In [1]:
import numpy as np
import pandas as pd
import tensorflow as tf
from tensorflow.keras.models import Sequential
from tensorflow.keras.layers import Conv2D, MaxPooling2D, Flatten, Dense, Dropout
from sklearn.model_selection import train_test_split
import nbtest

## Step 1: Load the dataset and prepare the data

In [2]:
df = pd.read_csv("./input/train.csv")

# Drop unnecessary columns for the task
columns_to_drop = ["source", "extra_note", "flag", "id"]
df.drop(columns=columns_to_drop, inplace=True)

# Split original DataFrame into train/test
train_df, test_df = train_test_split(df, test_size=0.2, random_state=42)

'''
TODO: Write an assertion for `train_df` to check that the unnecessary columns 
      (i.e., "source", "extra_note", "flag", "id") are indeed dropped.
'''

X_train = train_df.drop("label", axis=1) / 255.0  # normalized value
y_train = train_df["label"]                     

X_test = test_df.drop("label", axis=1) / 255.0
y_test = test_df["label"]

X_train = X_train.values.reshape(-1, 28, 28, 1)
X_test = X_test.values.reshape(-1, 28, 28, 1)

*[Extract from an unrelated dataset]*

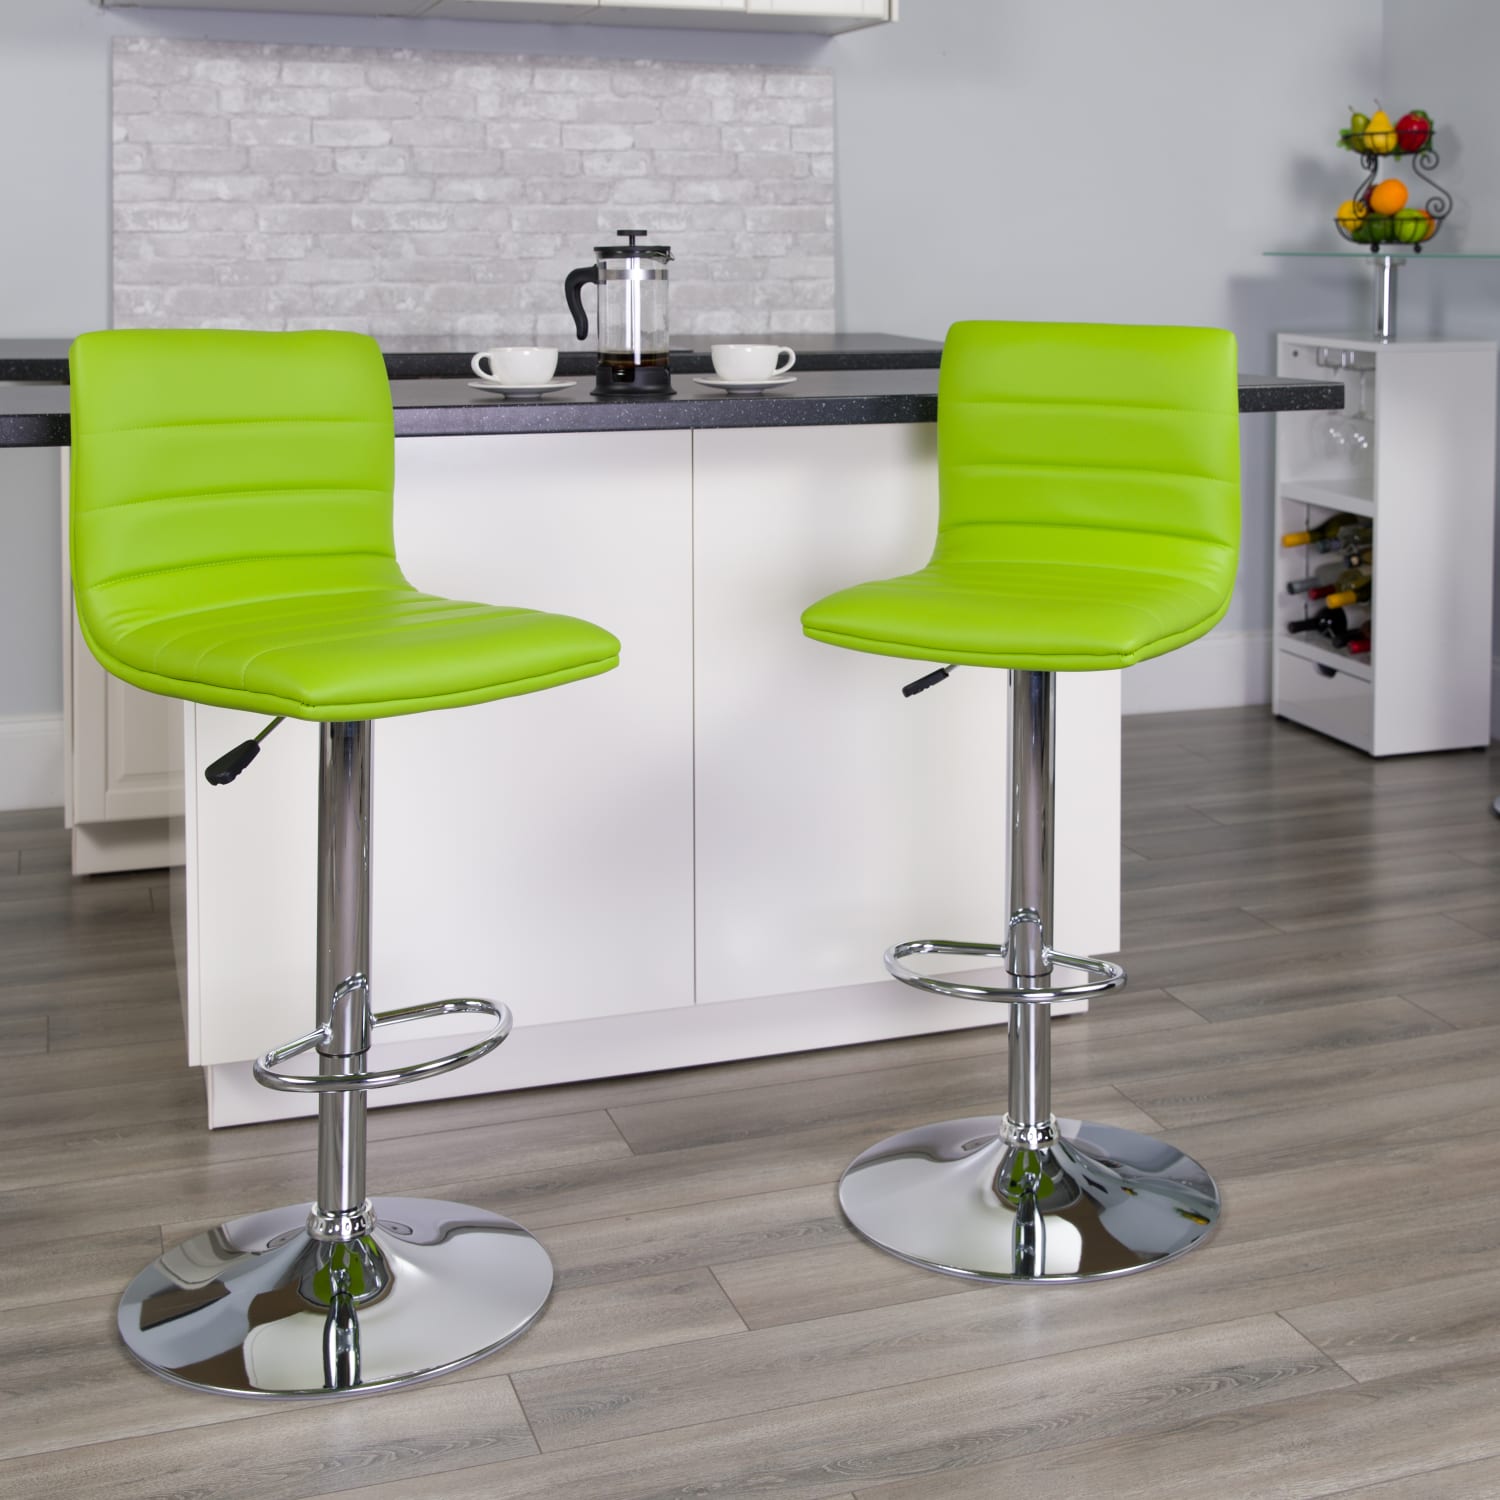 2 Pack Modern Green Vinyl Adjustable Bar Stool with Back, Counter Height Swivel Stool with Chrome Pedestal Base
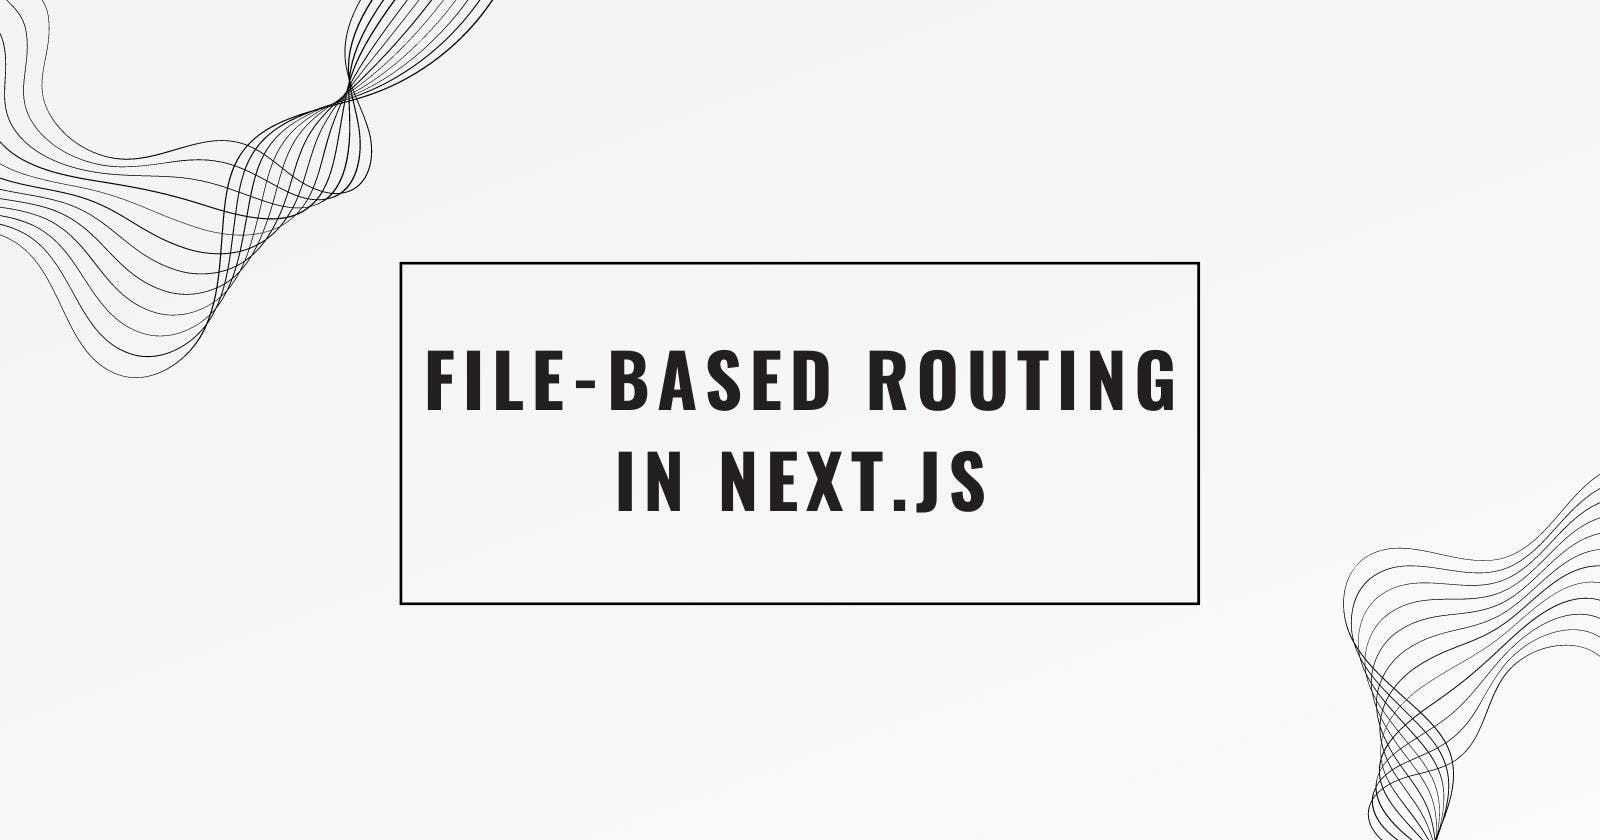 File-based routing in Next.js

## Step 2: Define a convolutional neural network

In [3]:
conv_filters = 16        
kernel_size = (3, 3)
dropout_rate = 0.5
dense_units = 32         
epochs = 2               
batch_size = 32          

In [None]:
model = Sequential([
    Conv2D(conv_filters, kernel_size, activation='relu', input_shape=(28, 28, 1)), # Convolutional layer with ReLU activation
    MaxPooling2D(pool_size=(2, 2)), # Max pooling layer
    Conv2D(conv_filters, kernel_size, activation='relu'),
    MaxPooling2D(pool_size=(2, 2)),
    Flatten(), # Flatten the 2D output into 1D feature vector for the dense layers
    Dense(dense_units, activation='relu'), # Fully connected layer with ReLU activation
    Dropout(dropout_rate), # Dropout layer to reduce overfitting by randomly dropping units
    Dense(10, activation='softmax') # Output layer with 10 units (for 10 classes) using softmax activation for classification
])

'''
TODO: Write an assertion for `model` to check the number of layers is 8.
'''

model.compile(optimizer='adam', loss='sparse_categorical_crossentropy', metrics=['accuracy'])
model.summary()

## Step 3: Train the model

In [None]:
model.fit(X_train, y_train, epochs=epochs, batch_size=batch_size, validation_split=0.1) # Train the model on the training data

## Step 4: Evaluate the model

In [None]:

loss, accuracy = model.evaluate(X_test, y_test, verbose=1) # Evaluate the model performance
print(f"Test Accuracy: {accuracy:.4f}")
# TODO: Write an assertion for `accuracy` to check that the model's accuracy is within in the expected range.